Foto: Nicolas Lurati
Nicolas Lurati, Fabian Vogt

Es ist ein trostloser Montag in Ziefen BL. Sogar die Sonne scheint nur mit halber Kraft auf den Hundesportplatz zu scheinen, auf dem am Sonntag eine Frau (†60) erschossen wurde.

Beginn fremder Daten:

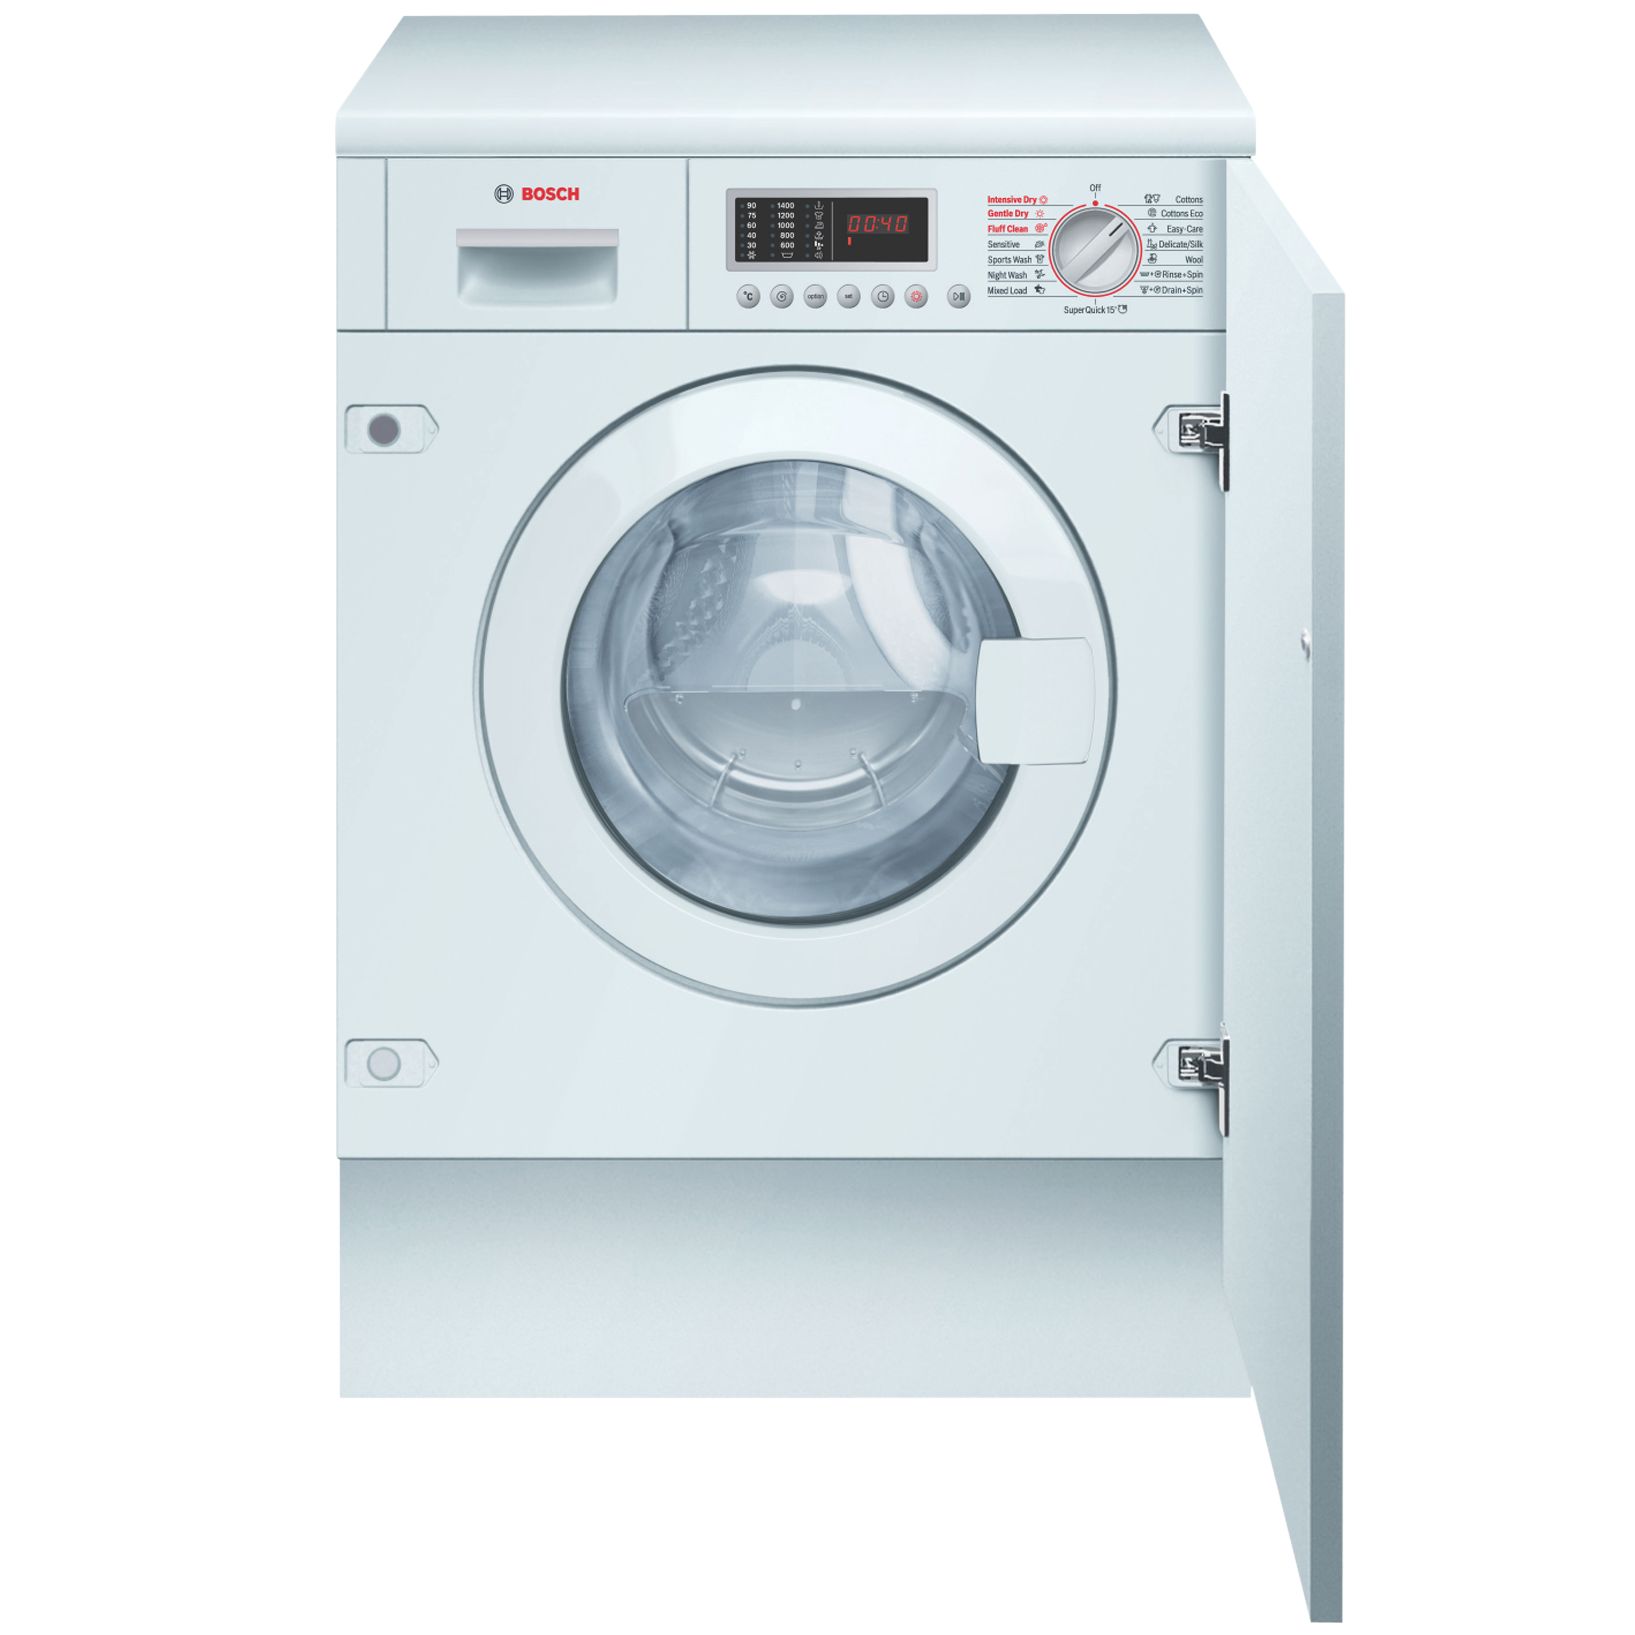 Bosch Avantixx WKD28540GB Integrated Washer Dryer, White at John Lewis

Beim Opfer handelt es sich um Maria L. Hundetrainerin und Spitex-Mitarbeiterin, wie Blick von Bekannten erfuhr. Die mehrfache Mutter lebte mit ihrem Mann in einem anderen Baselbieter Ort, einige Kilometer vom Tatort entfernt.

«Ich bin schockiert»

Bekannte von L. zeichnen alle dasselbe Bild: Die 60-Jährige wird als liebe, stets freundliche Frau beschrieben. «Ich bin schockiert», heisst es immer wieder. Warum Maria L. sterben musste, kann sich von den Nachbarinnen niemand vorstellen. «Vor ein paar Tagen sprachen wir noch miteinander und jetzt soll sie nicht mehr da sein», sagt eine. «Ich habe sie noch am Wochenende an der Coop-Tankstelle gesehen», eine andere. Sie habe getankt und ein bisschen eingekauft. Alles normal also.

Doch am Sonntagnachmittag kurz vor 15 Uhr ist nichts mehr normal. Maria L. wird mit einer Faustfeuerwaffe erschossen, wie die Baselbieter Polizei mitteilt. Noch vor Ort wird ein Tatverdächtiger festgenommen. Es handelt sich um einen Schweizer (30). Die Staatsanwaltschaft Basel-Landschaft wird beim Zwangsmassnahmengericht U-Haft für den mutmasslichen Täter beantragen. Die Polizei teilt mit, der Verdächtige habe Maria L. gekannt. Mehr noch: Die beiden seien verwandt gewesen!

«Ruhe in Frieden»

Der genaue Tathergang ist noch weitgehend offen und Gegenstand laufender Ermittlungen. Auch am Montag war die Polizei vor Ort und suchte den Tatort ab.

Vor den Toren werden Blumen niedergelegt. Und ein Brief. Die Menschen trauern auch auf Facebook um Maria L. «Ruhe in Frieden», wird oft geschrieben. Eine Kommentierende wird sehr persönlich: «Unfassbar - so vieli Gspröch, Erinnerige und Spaziergäng».

Klar wird: Was geschehen ist, kann niemand fassen. Aber es ist traurige Realität: Maria L. ist tot. Der Hundesportplatz bleibt vorübergehend geschlossen.